Thursday, December 31, 2009

Peanut Butter Blossom Cookies

We made this cookie some time back before Christmas 2009. It was during the holiday season which was a perfect time for baking. This cookie has a nice blend of peanut butter and chocolate/ butterscotch taste.

  • 1/2 cup butter, softened
  • 3/4 cup peanut butter
  • 1/3 cup sugar
  • 1/2 cup light brown sugar
  • 1 egg
  • 2 tablespoons fresh milk
  • 1 teaspoon vanilla
  • 1 1/4 cup all purpose flour
  • 1 teaspoon baking soda
  • 1/4 teaspoon salt
  • 1/2 cup chocolate chip*
  • 1/2 cup butterscotch chip*
*The chocolate/butterscotch chips can be replaced with Hershey's chocolate, nuts, cherry, etc.

  1. Beat butter and peanut butter in a large bowl until well blended.
  2. Add the white sugar and brown sugar gradually and beat until light and fluffy.
  3. Stir in egg, milk and vanilla. Beat well.
  4. On another bowl, whisk together the flour, baking soda and salt.
  5. With a spatula, stir the flour mix into the peanut butter mixture. Mix well.
  6. Cover the dough tightly and chill for 5 hours in the fridge.
  7. After 5 hours, shape the dough into 1 inch ball and place on ungreased cookie sheet.
  8. Preheat oven to 375 degrees F.
  9. Place in the oven and bake for 8-10 minutes or until lightly browned.
  10. Immediately press a chocolate/butterscotch chip into center of each cookie. Cookie will crack around edges.
  11. Removed from cookie sheet to wire rack and let is cool completely.
This recipe makes about 4 dozen cookies.

Cranberry Chocolate Chip Muffin

This is our favorite muffin recipe so far as it is easy to prepare and yet delicious. Whenever we are running out of bread or cornflakes for breakfast, we will just go into the kitchen and start baking our favorite muffin. It is all ready in less than an hour.

  • 2 eggs
  • 1/2 cup vegetable oil
  • 3/4 cup brown sugar
  • 1/2 cup all purpose flour
  • 3/4 cup whole wheat flour
  • 1 tsp baking soda
  • dash of salt
  • 1 cup halved frozen/fresh cranberry
  • 1/2 cup chocolate chips
  1. Whisk the eggs in a large bowl.
  2. Gradually stir in the oil and sugar to the egg.
  3. In another large bowl, whisk together the all purpose flour, whole wheat flour, baking soda and salt.
  4. Preheat oven to 350 degrees F.
  5. With a spatula, fold the dry ingredients to the wet ingredients and stir only until all ingredients are combined.
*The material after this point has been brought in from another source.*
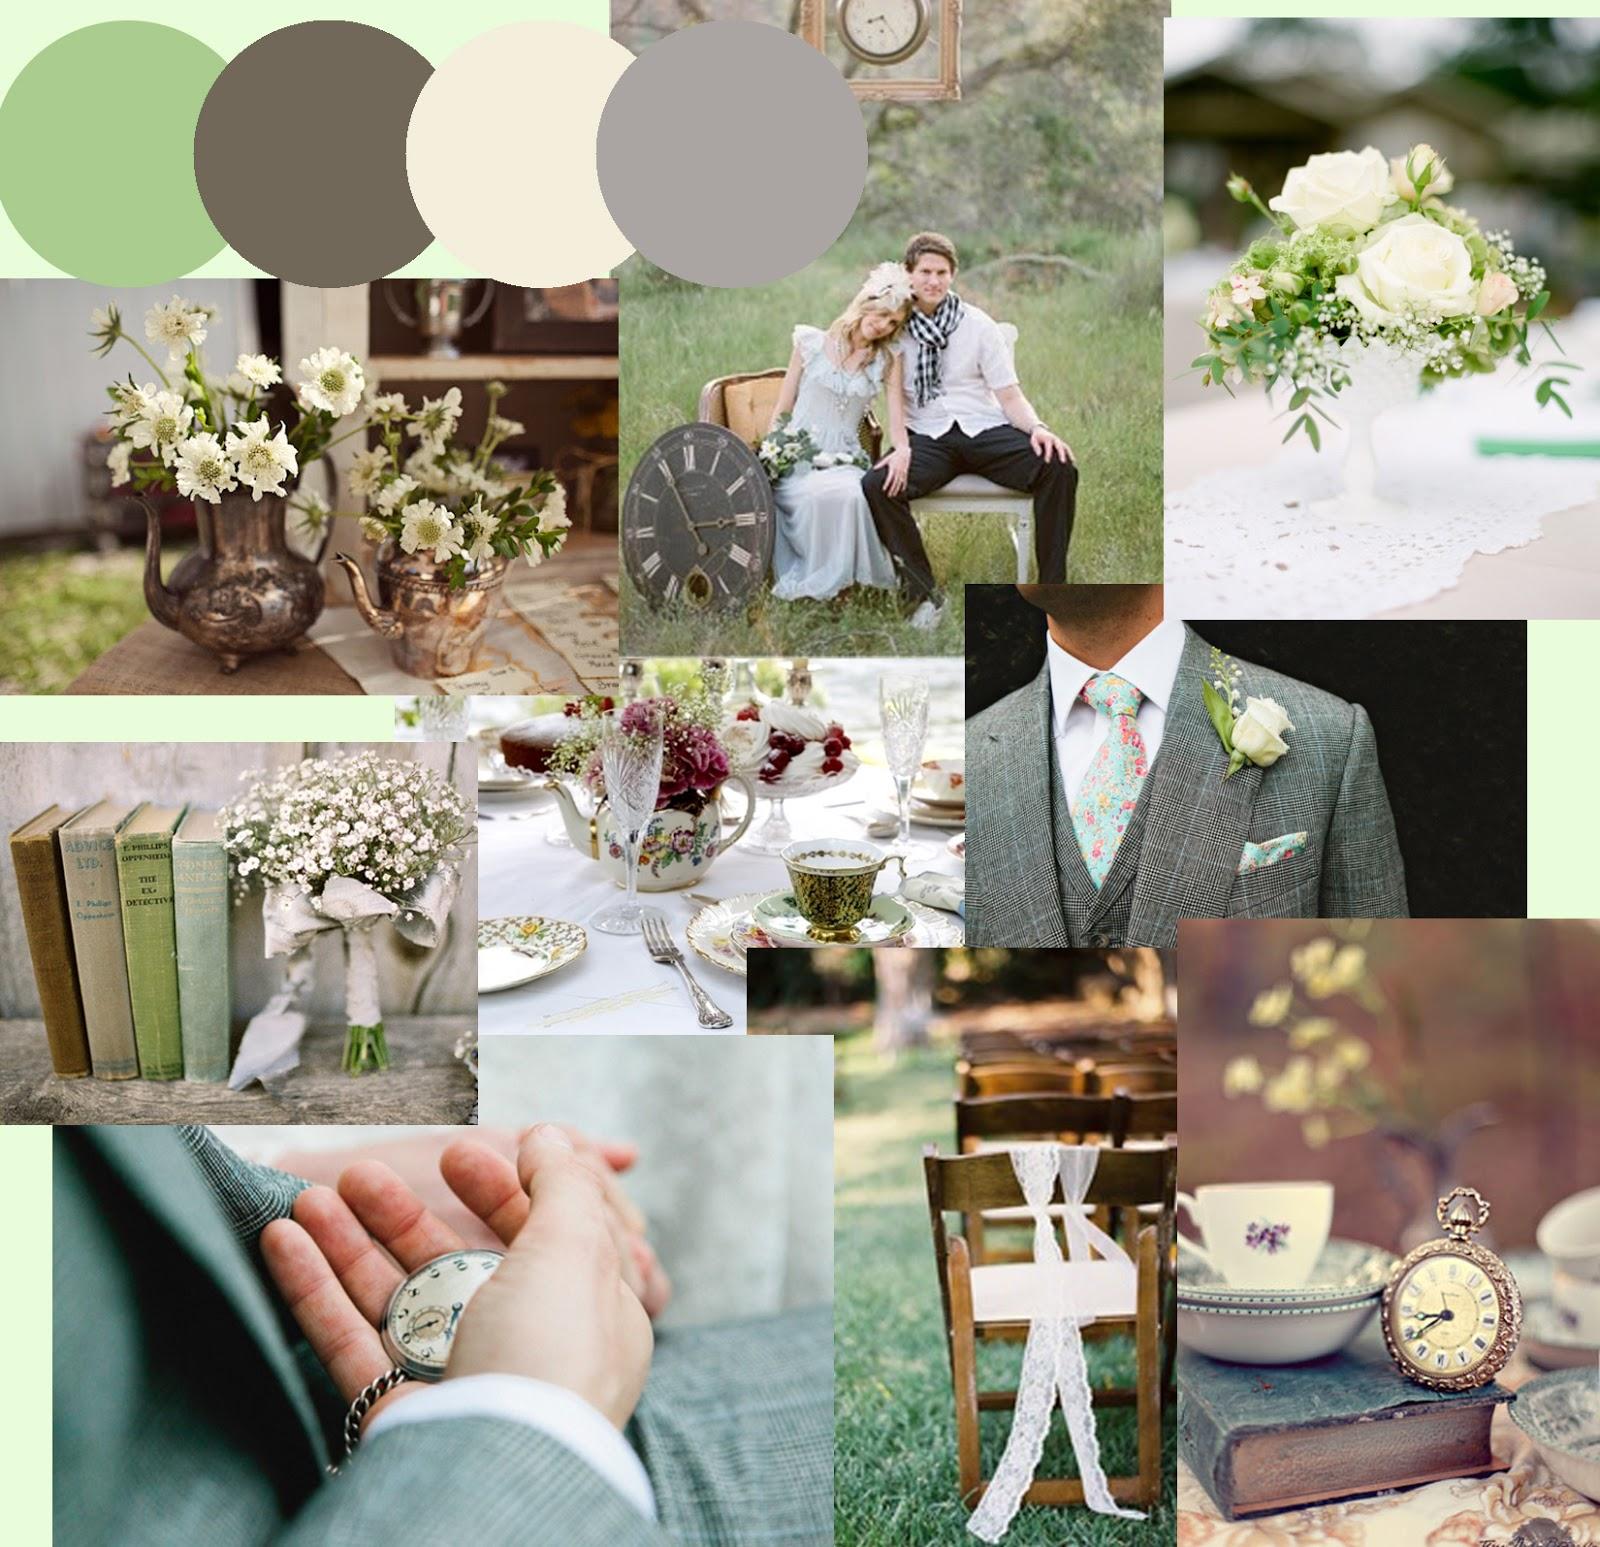 A Pretty Green Wonderland Wedding Theme Stationery

Do not over mix the batter as it will result in tough muffins.
  6. Stir in the cranberry and the chocolate chips.
  7. Evenly fill the muffin cups with the batter.
  8. Place the muffin cups in the oven and bake until a toothpick inserted in the center of a muffin comes out clean. (about 14-18 minutes).
  9. Transfer to a wire rack and let cool for about 5 minutes before removing from tray.
This recipe makes 6 regular sized muffins.

Butter Shortbread Cookies

It's the last day of 2009 and we are planning to bake some cookies at home. As we both are butter cookies lover, we have decided to try baking our own butter shortbread cookies. Based on our online research, we found out that shortbread requires only 4 ingredients. Sounds pretty simple, isn't it? However, the secret of a good shortbread lies in good quality butter and pure vanilla extract. Despite the ingredients are simple, the toughest part is mixing all the ingredients manually as we have not gotten our mixer. Moreover, due to the nature of shortbread, the dough crumble easily. Probably we should consider investing in a mixer soon.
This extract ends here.